Data records:
-=-=-=-=-

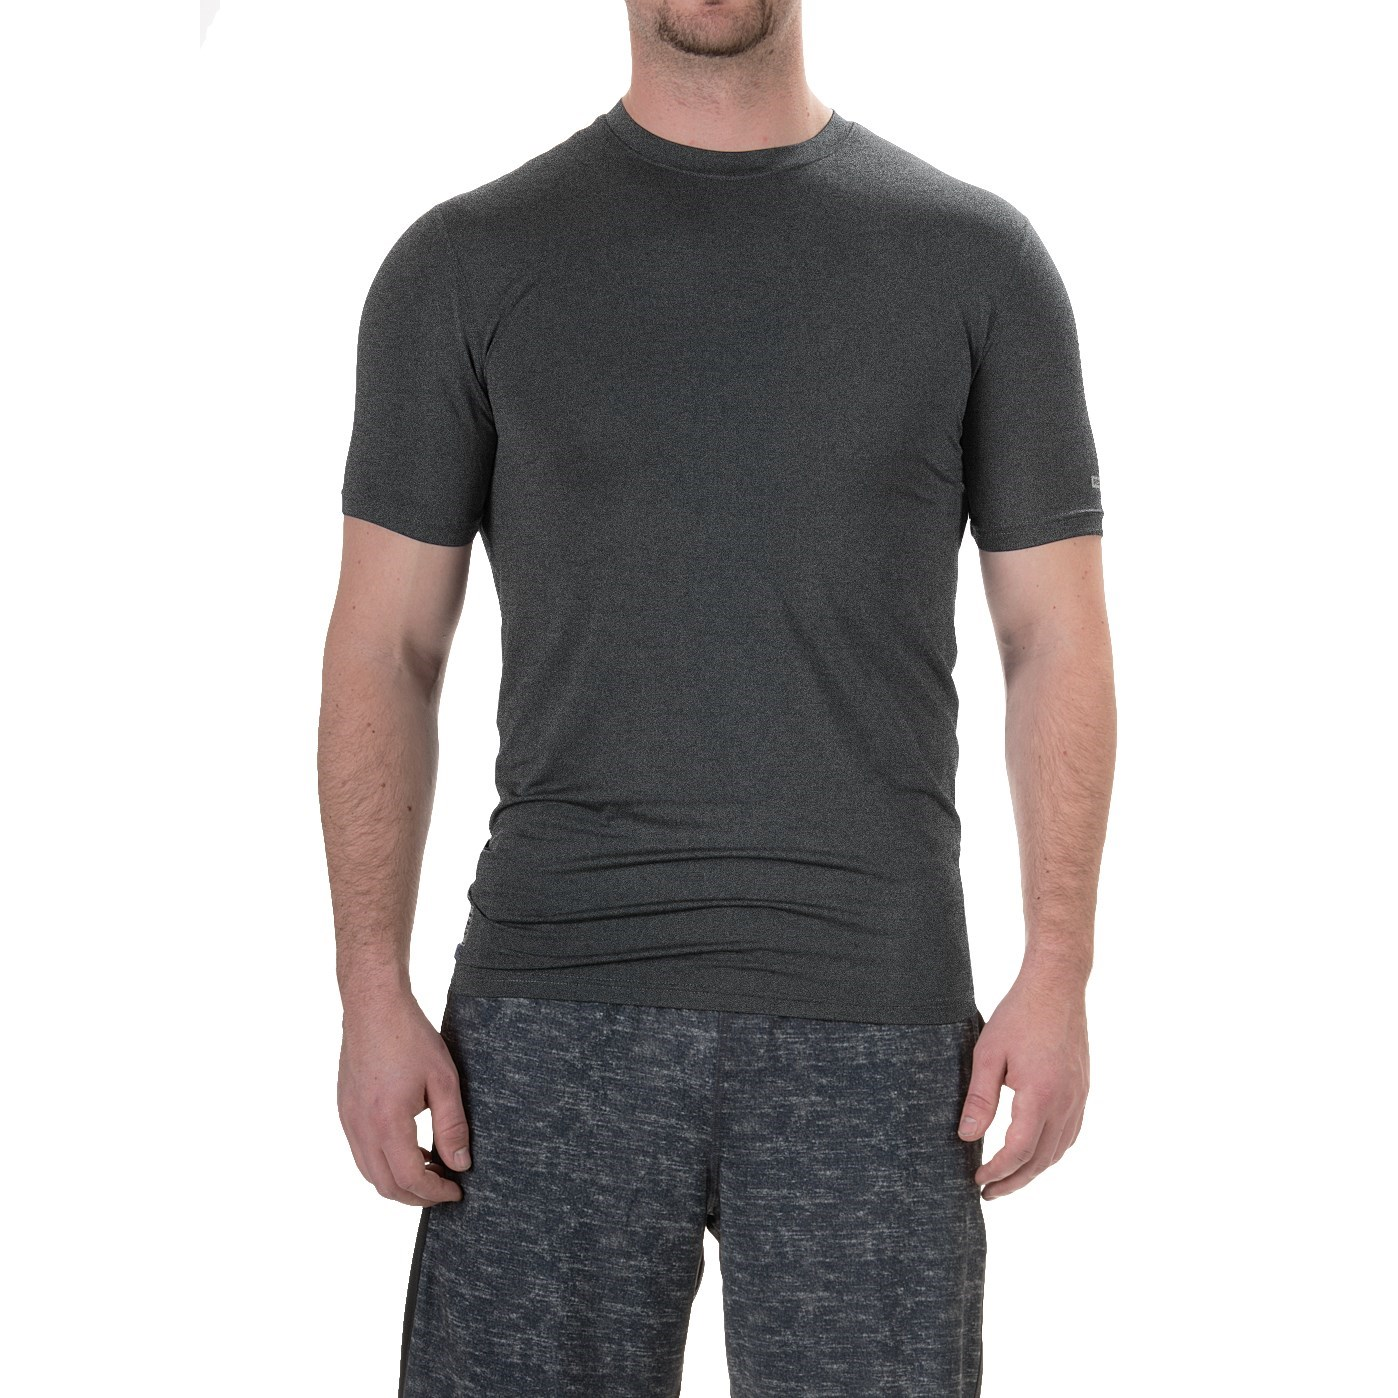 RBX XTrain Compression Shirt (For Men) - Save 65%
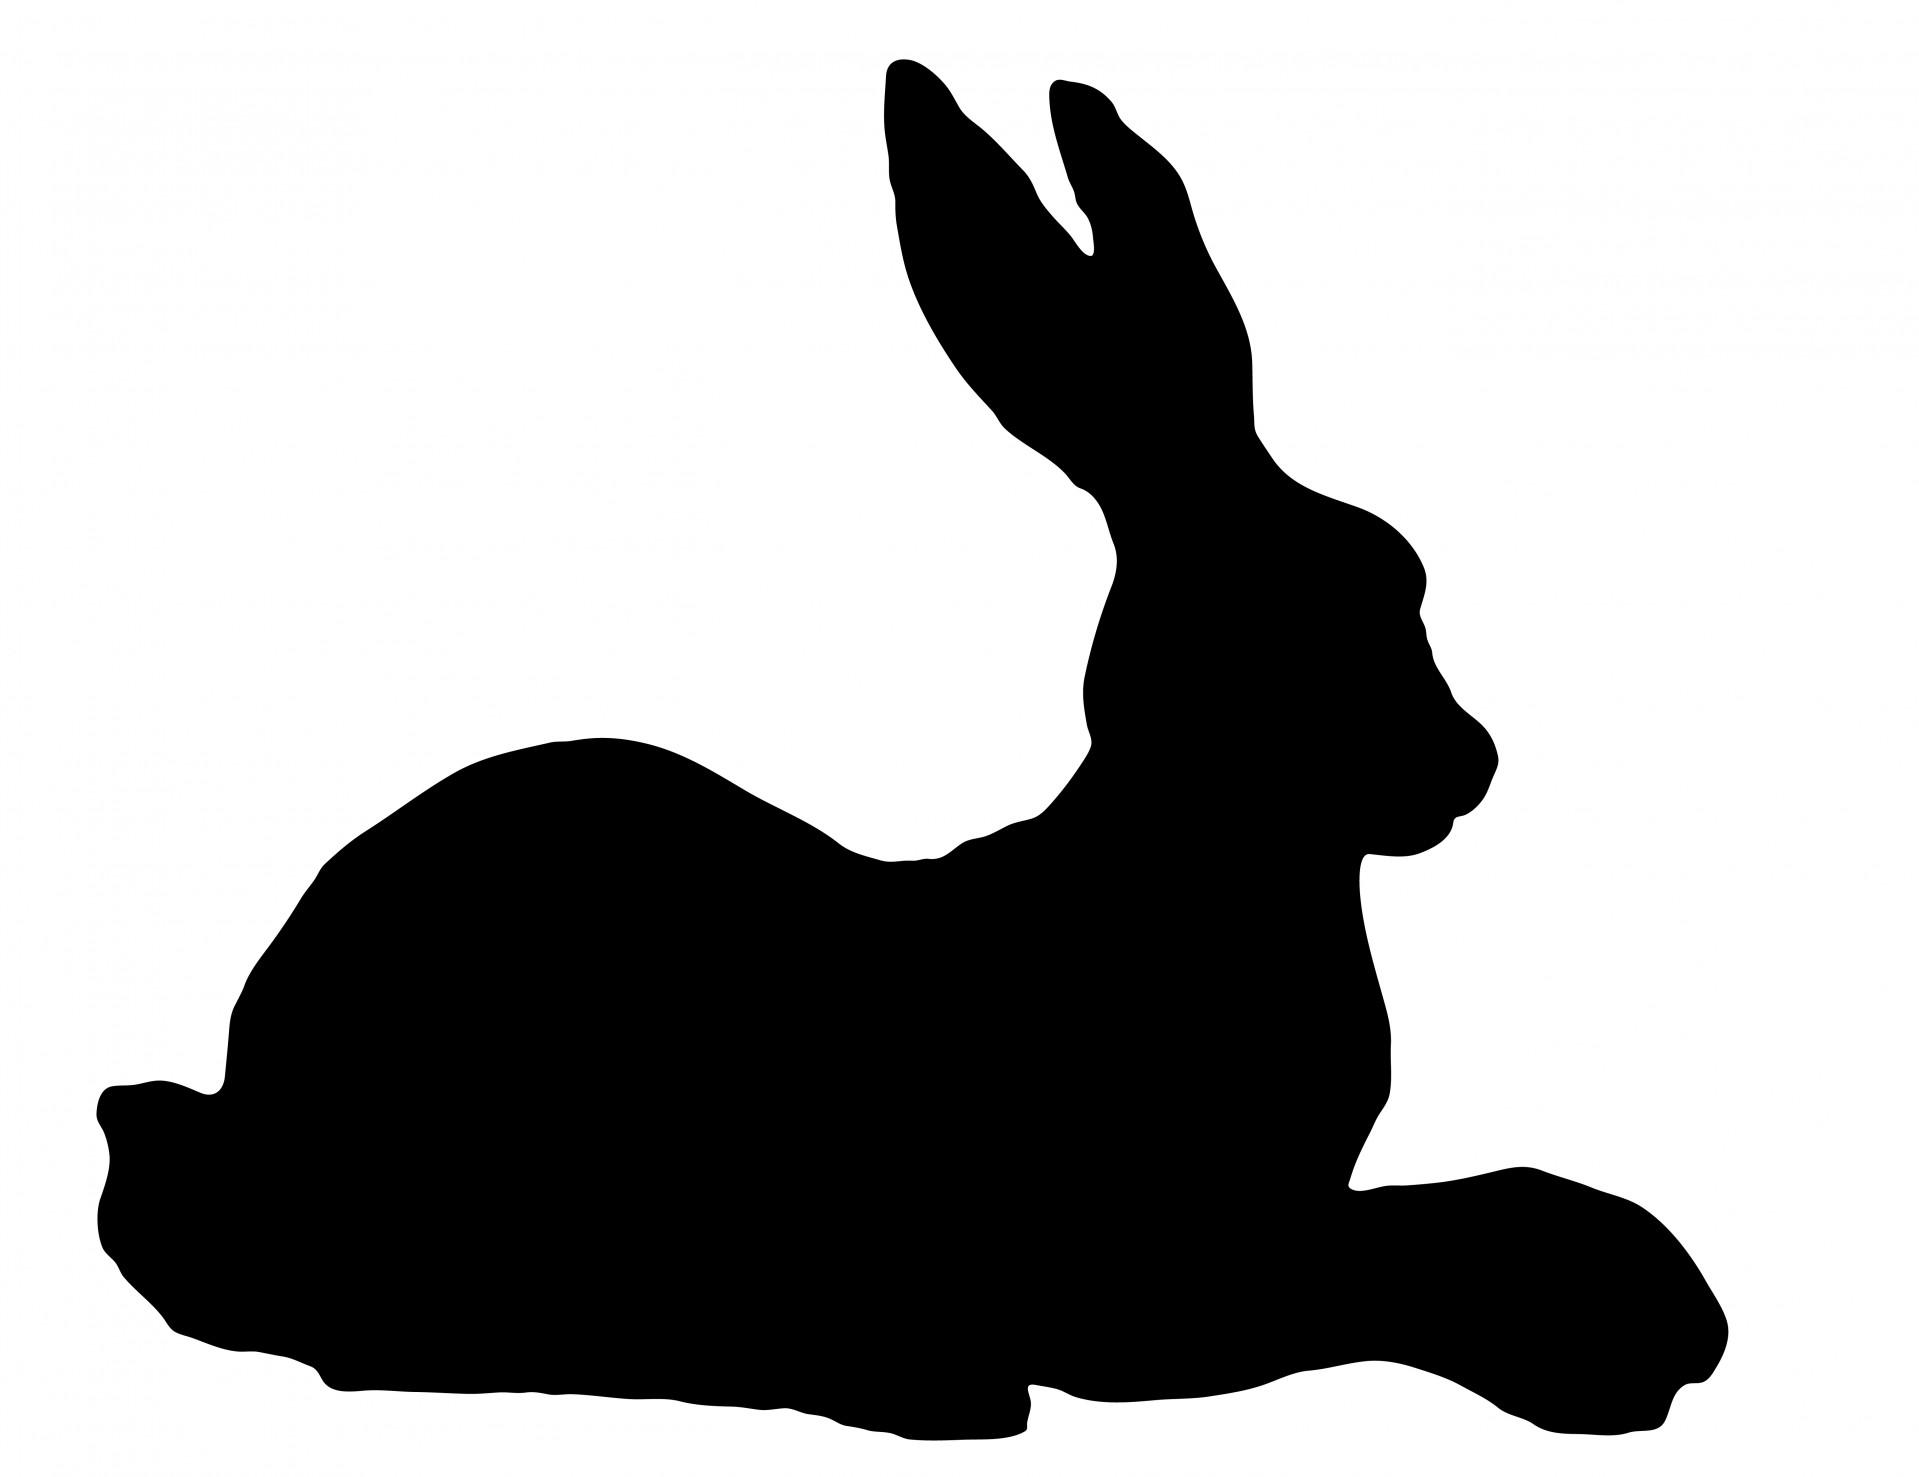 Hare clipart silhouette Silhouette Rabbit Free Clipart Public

-=-=-=-=-

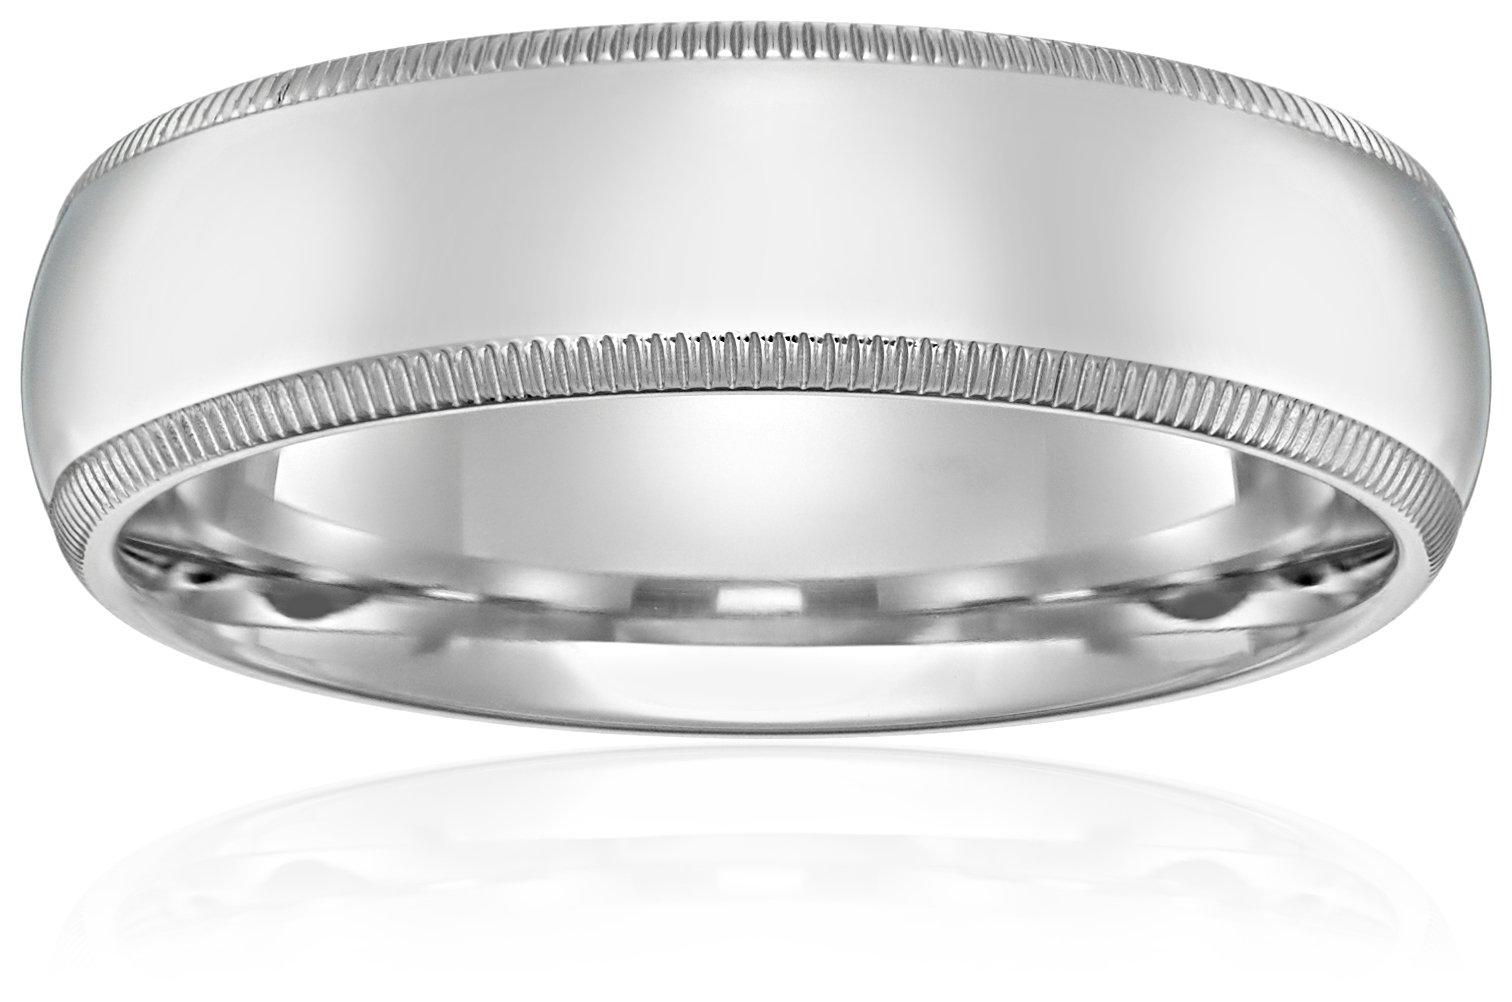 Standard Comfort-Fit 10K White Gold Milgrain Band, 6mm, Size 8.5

-=-=-=-=-

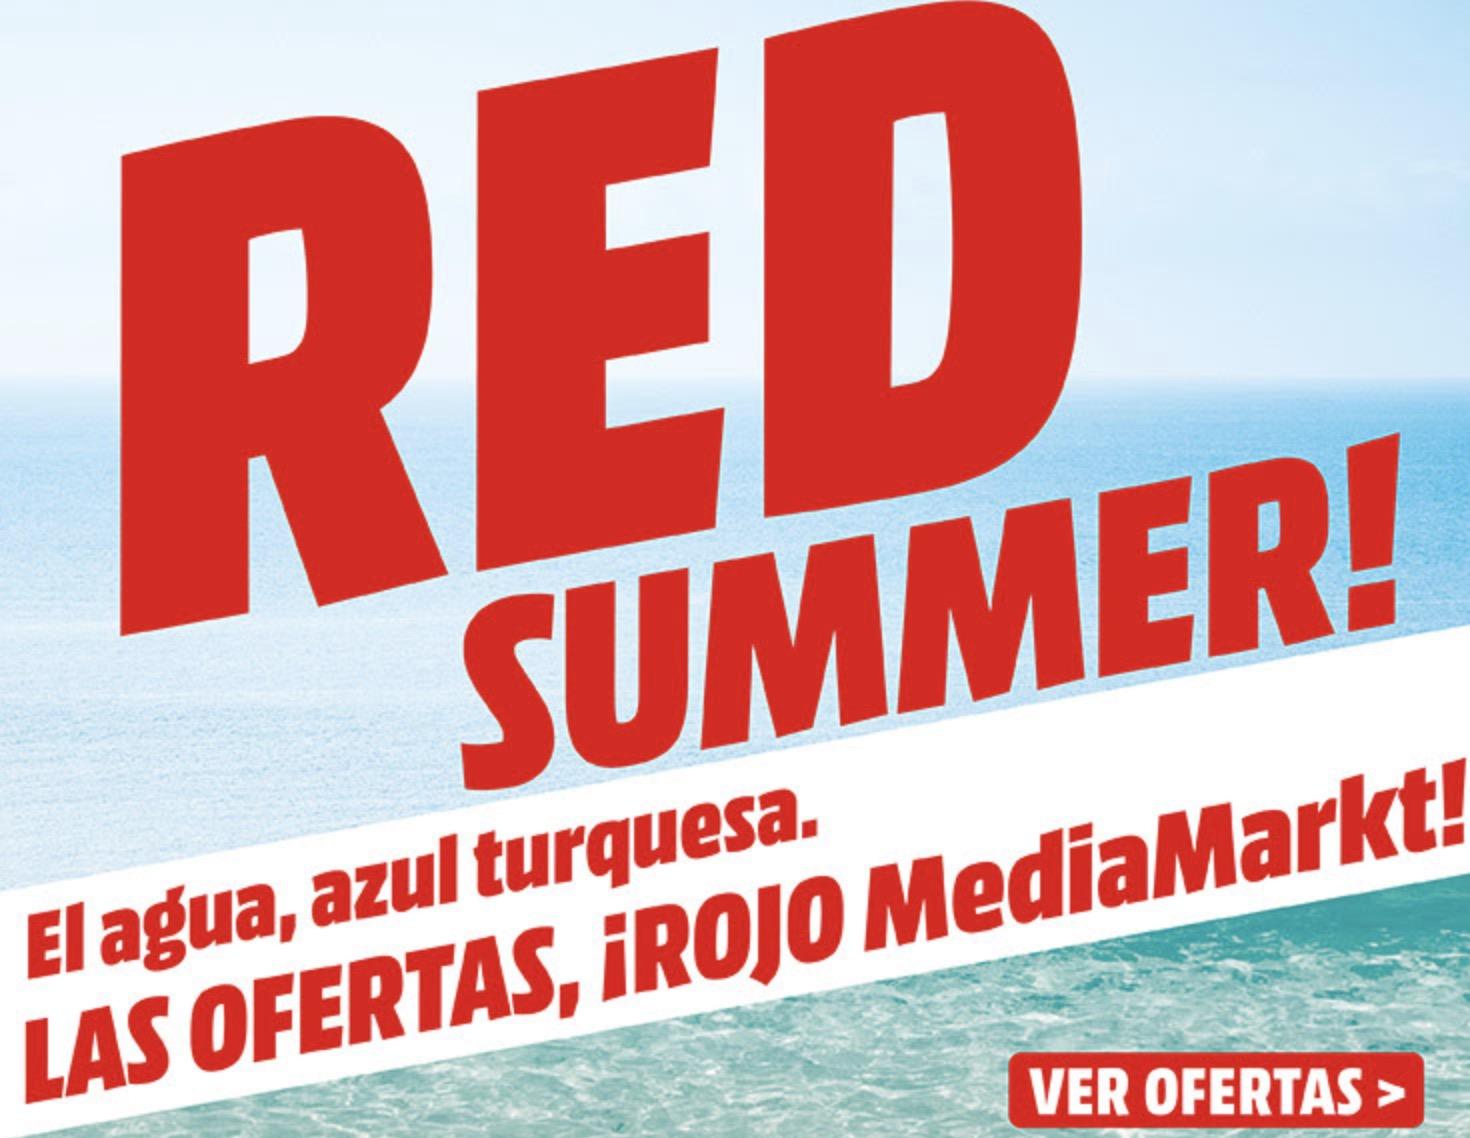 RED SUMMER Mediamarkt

-=-=-=-=-

Your assignment: Exact repeat of the material above: every line from the one with "RBX XTrain Compression" through the one with "Hare clipart silhouette", endpoints included, and nothing more. No pictures.

Response to this task:
 RBX XTrain Compression Shirt (For Men) - Save 65%
 Hare clipart silhouette Silhouette Rabbit Free Clipart Public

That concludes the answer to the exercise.